John E. Erickson

Personal information
- Born: June 19, 1927 Rockford, Illinois, U.S.
- Died: March 18, 2020 (aged 92) Tulsa, Oklahoma, U.S.

Career information
- High school: Rockford East (Rockford, Illinois)
- College: Beloit College (?–1949)
- Coaching career: 1955–1968

Career history

Coaching
- 1955-1958: Lake Forest College
- 1959-1968: University of Wisconsin

Career highlights
- First Beloit basketball player to score more than 1,000 career points;

= John E. Erickson (basketball) =

American basketball coach (1927–2020)

John Elmer Erickson (June 19, 1927 – March 18, 2020) was an American basketball coach and executive who was the first general manager of the Milwaukee Bucks of the National Basketball Association (NBA). He was the losing Republican candidate for the U.S. Senate in Wisconsin in 1970.

==Background==
Erickson was born in Rockford, Illinois on June 19, 1927. He played on the Rockford East High School basketball and tennis teams. Erickson graduated from college in 1949 after being a Little All-American basketball player for Beloit College.

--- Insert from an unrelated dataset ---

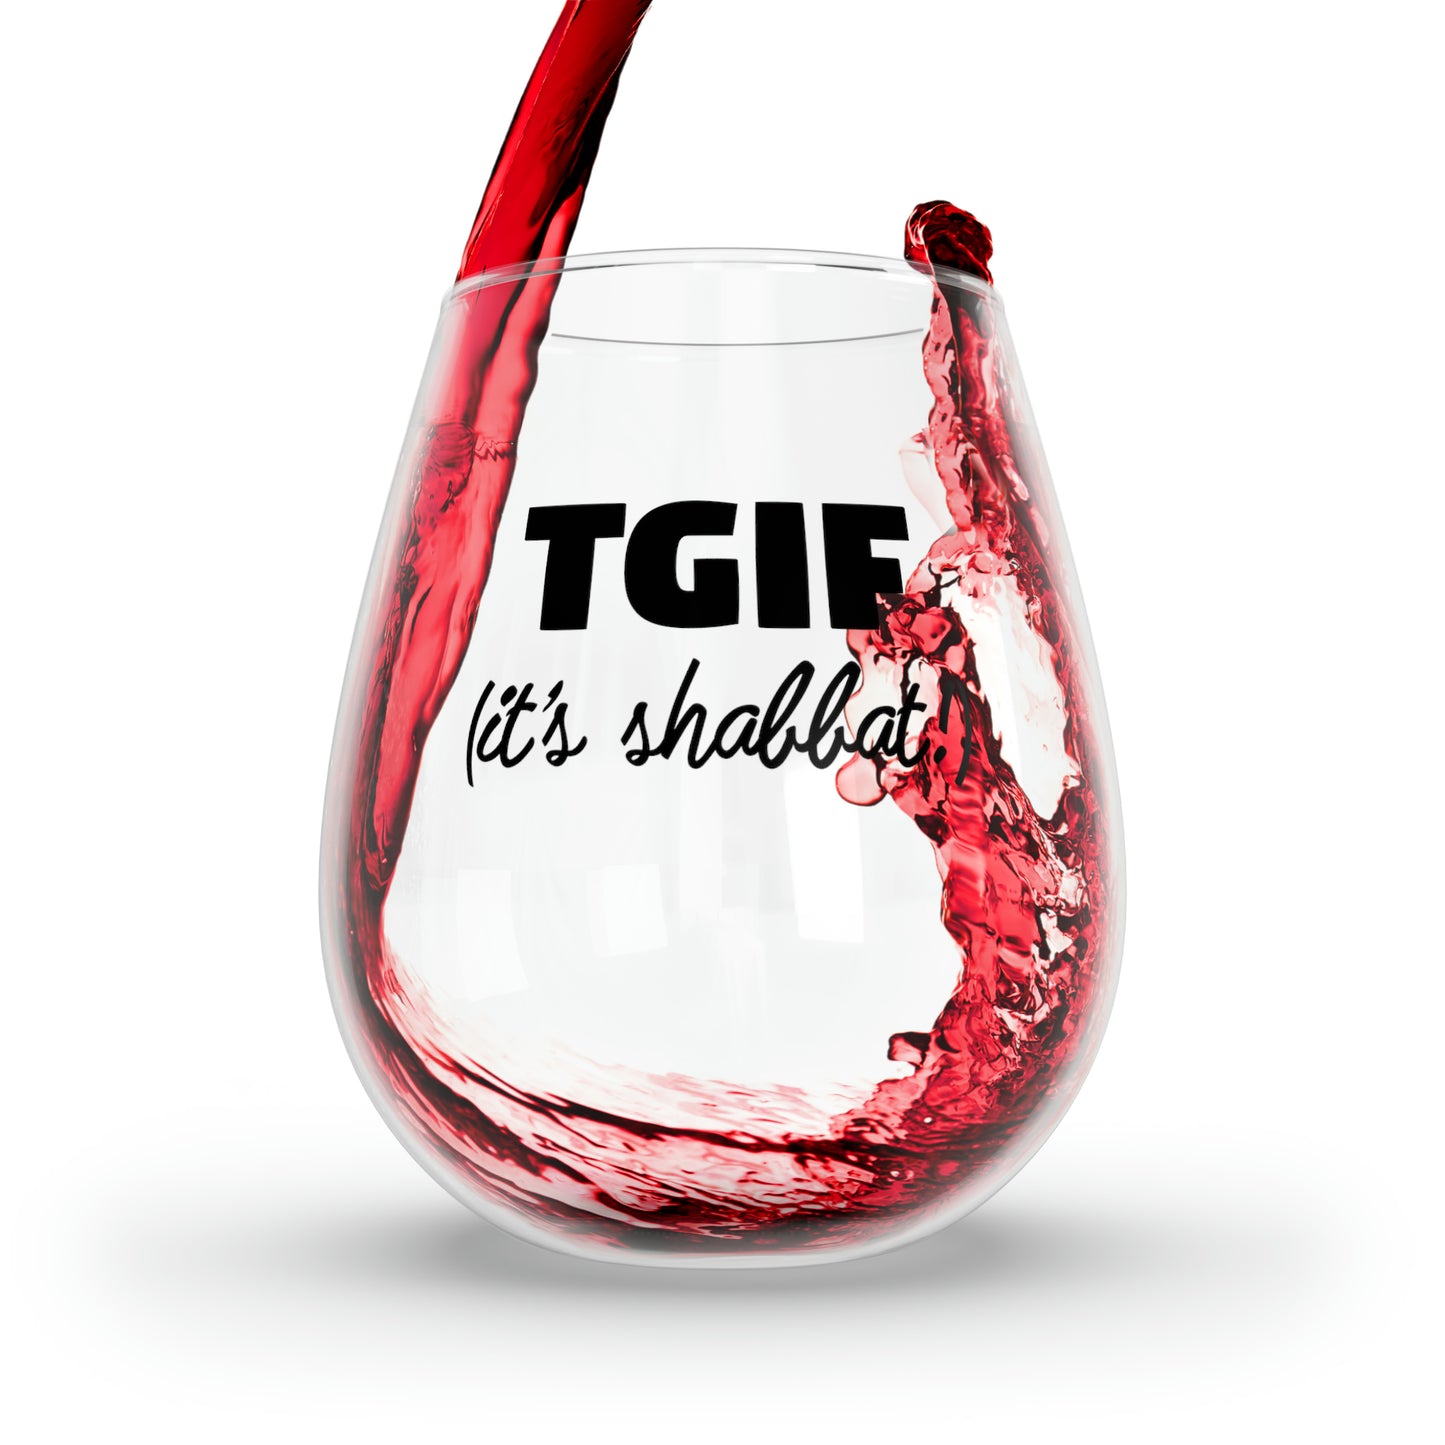 tgif images wine

He was the college's first player to score over 1000 points in a career that spanned three full seasons and two half seasons. He also represented the college for three National Collegiate Athletic Association (NCAA) tennis tournaments. Erickson died on March 18, 2020, at the age of 92 in Tulsa, Oklahoma.

==Career==
After college, he coached high school basketball teams at Beloit, Wisconsin and Stevens Point, Wisconsin that advanced to the state competition. Erickson was drafted in 1953, serving for two years in the United States Army. He began coaching college basketball at Lake Forest College, compiling 34 wins and 38 losses for three seasons between 1955 and 1958. He served as an assistant coach for the University of Wisconsin–Madison for the 1958–59 season. The following year, he succeeded Bud Foster as head coach, and compiled a 100–114 record in nine seasons. His 1961 and 1962 teams finished second in the Big Ten Conference, the only times they would finish higher than fourth in Big Ten play from 1950 to 1998. His 1962 team upset an Ohio State team that was ranked number one at the time and led by Jerry Lucas and John Havlicek. He remained at Wisconsin until he was hired as the general manager of the Milwaukee Bucks expansion team on April 3, 1968.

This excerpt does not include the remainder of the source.